Tutto ciò, oltrepassando abituali metaforismi che antropomorfizzano entità astratte: lo Stato, le istituzioni, i partiti, ecc. Nel ricordo dell’insegnamento di un antico giurista cultore di Carl Schmitt e Machiavelli – Gianfranco Miglio, intellettuale un po’ pazzo ma di certo non sciocco – secondo il quale tali entità sarebbero “stanze” abitate da persone; che le fanno muovere con le proprie idee e le proprie gambe. Oggi i signori del denaro e i loro delegati.
Per cui possiamo ben dire che ancora una volta i capiclan sono solo i caporali o i mazzieri dei veri soggetti dominanti: i possessori della ricchezza. Il gruppo sociale – appunto, plutocratico – che ha sostituito la figura del capitalista (ossia il riproduttore della ricchezza attraverso l’investimento) e relegato in soffitta il capitalismo industrialista. Se è vero che il big business odierno nasce dal presidio dei varchi attraverso i quali scorrono i flussi: materiali delle merci (logistica) e virtuali dei simboli (finanza). Nell’egemonia di un ceto che si è liberato di ogni contrappeso, già prima del 1989: la sconfitta del lavoro organizzato a partire dalle rivoluzioni organizzative di fine anni Cinquanta (i cui effetti sono emersi nel corso degli anni Settanta), l’attacco vittorioso al welfare e conseguente rottura del patto keynesiano-fordista con l’avvento delle politiche reazionarie legate al binomio Thatcher-Reagan, la completa sottomissione del ceto politico indotta dagli opportunismi entristi della Terza Via propugnata dal tandem Blair-Clinton.
La ricetta di Armao
Si scorge un happy end all’orizzonte di questo dramma epocale?
Condividiamo la convinzione che una democrazia alla John Dewey («qualcosa di più di una forma di governo» e non un semplice meccanismo di conta dei voti per l’alternanza tra membri della classe dirigente alla Giovanni Sartori. Ma anche alla Norberto Bobbio?) possa fornire preziosi contributi alla costruzione di un’identità fondata sulla partecipazione civica. Senza stupirsi troppo riscontrando «crescenti discrepanze tra l’universo simbolico [democratico] e la realtà quotidiana» (F.A. pag. 134). Basterebbe ricordare le messe in guardia di una (pur minoritaria) letteratura demistificante, che – ad esempio – adottava con Maurice Duverger il termine “plutodemocrazie”, conseguente al fatto che le rivoluzioni democratiche settecentesche, sopprimendo i privilegi dell’aristocrazia di nascita, ne ricreavano «una nuova, fondata sulla proprietà»[7].

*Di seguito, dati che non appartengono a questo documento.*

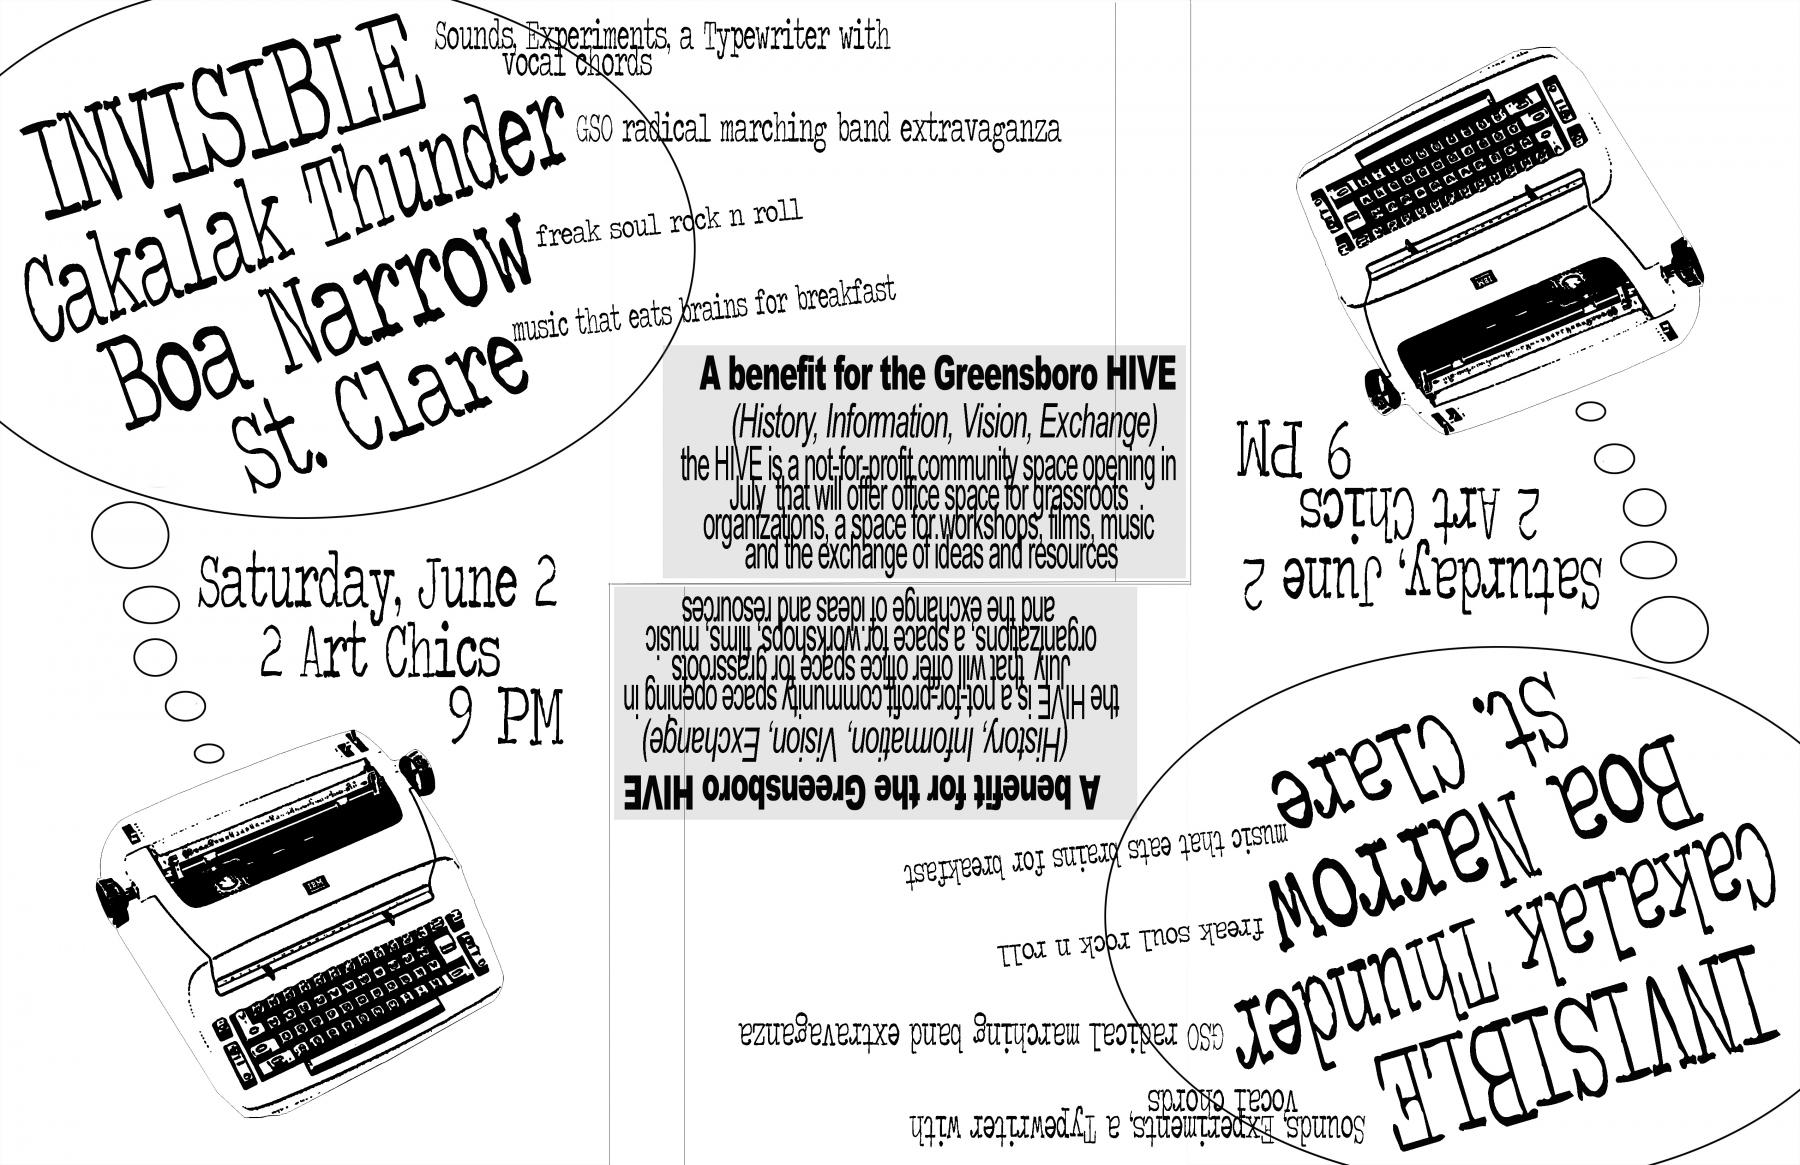 Show Flier, June 2007

In altre parole, la presa d’atto che si è formato un lato oscuro o – se vogliamo – un cuore di tenebra nell’esperimento democratico, conseguente già al fatto che nelle sue carte i Padri Fondatori scrivevano “Libertà” quanto si doveva leggere “Proprietà”.
Resta il problema di individuare il soggetto in grado di produrre una sorta di auspicata emancipazione della democrazia rettamente intesa dai vincoli oligarchici.
A tale proposito ha perfettamente ragione Armao mettendoci in guardia contro la propaganda, intesa come «codice linguistico condiviso per manipolare l’opinione pubblica in modo da generare stimoli pavloviani»; diventata nel totalitarismo neoliberale nientemeno che «una tecnica di dominio» (F.A. pag.130). Sicché lascia lo scrivente a dir poco perplesso nel constatare la condiscendenza del nostro autore nei confronti di una operazione propagandistica di stampo prettamente difensivo da parte dell’élite dominante. Quale la demonizzazione del Populismo: l’ennesima trappola linguistica. Operazione che vede all’opera la grancassa mediatica da regime e un certo numero di “liberaldemocratici/liberaldemocratiche della cattedra”; non si sa bene quanto panglossiana servitù volontaria.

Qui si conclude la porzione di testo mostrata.